A New Paradigm for Housing in Greater Boston
February 3, 2001
Barry Bluestone (Sterns Trustee Professor, Center for Urban and Regional Policy) Charles C. Euchner (Associate Director, Center for Urban and Regional Policy) and Gretchen Weismann (Project Director, Center for Urban and Regional Policy)
Greater Boston’s economic renaissance, begun nearly two decades ago, has endowed the region with an extraordinary labor market where unemployment remains below 3 percent and family incomes are rising faster than in almost any other metropolitan area in the nation. The market has been so strong that it has attracted professional workers to the region from other parts of the country and a new wave of immigrants from abroad.

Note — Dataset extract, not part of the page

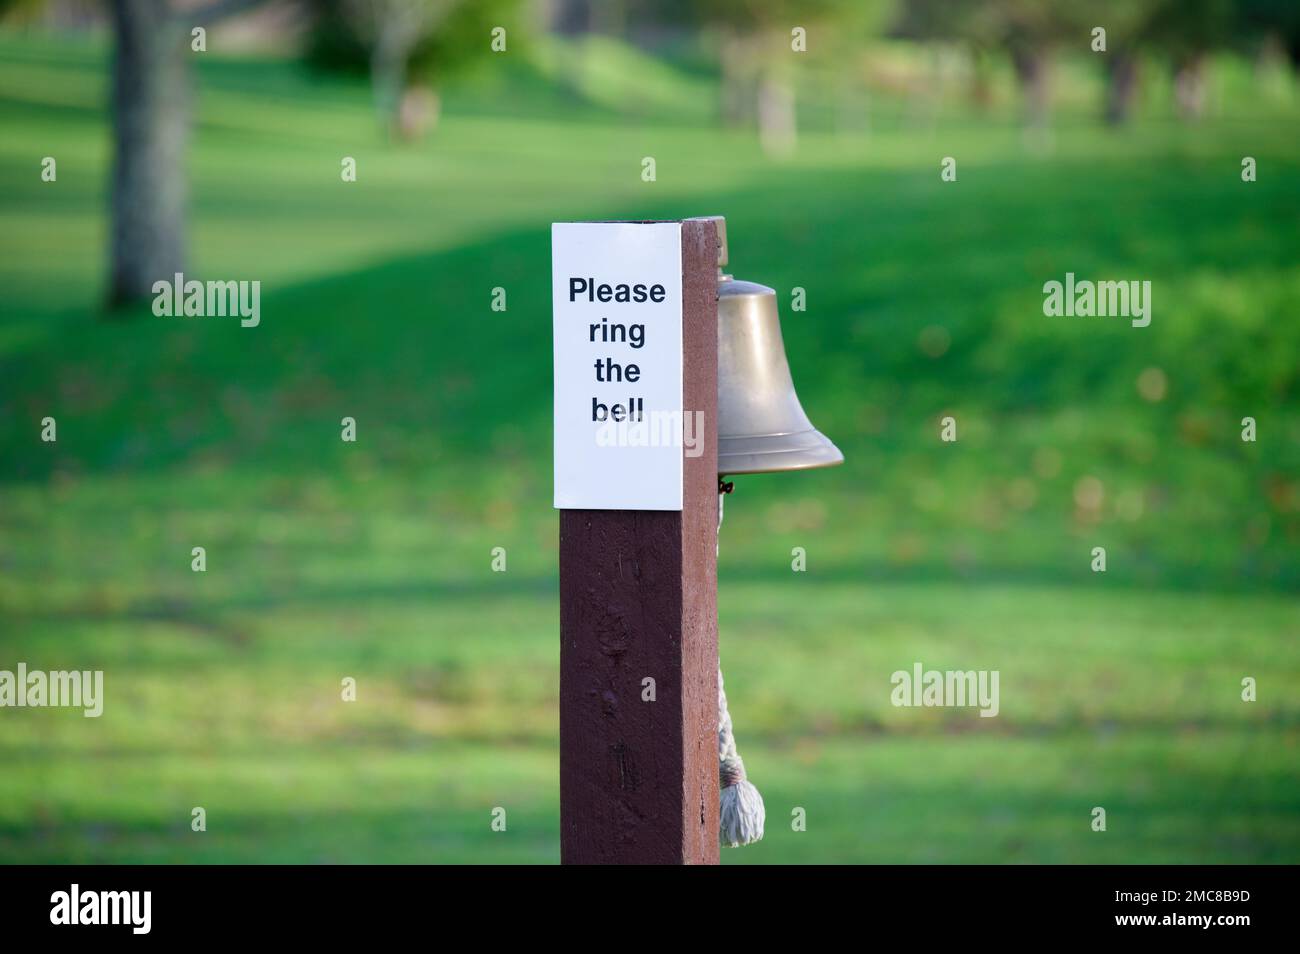 Ring the bell please sign on golf course Stock Photo

But prosperity brings its own challenges. None is more acute than the region’s severe housing crisis. Vacancy rates are now so low that home prices and rents are being bid up substantially faster than most household incomes. Between 1995 and 1999, the median price of a Greater Boston home shot up by a nominal 35 percent while incomes rose by a healthy, but more modest, 25 percent. As a result, many long-time residents of the region, in addition to many newcomers, are facing a severe affordability gap between their incomes and what they must pay to rent housing or purchase a home. Prices and rents are rising so quickly that not only are the poor in trouble, but an increasing number of working and lower middle income families worry that prosperity may price them out of the Boston housing market. Indeed, if housing prices continue to rise, the housing crisis could pose a barrier to the future growth of the region as employers find it difficult to recruit workers and are forced to locate elsewhere.
A New Paradigm in Housing in Greater Boston focuses on the looming housing crisis and possible policies that can be enacted to mitigate this problem.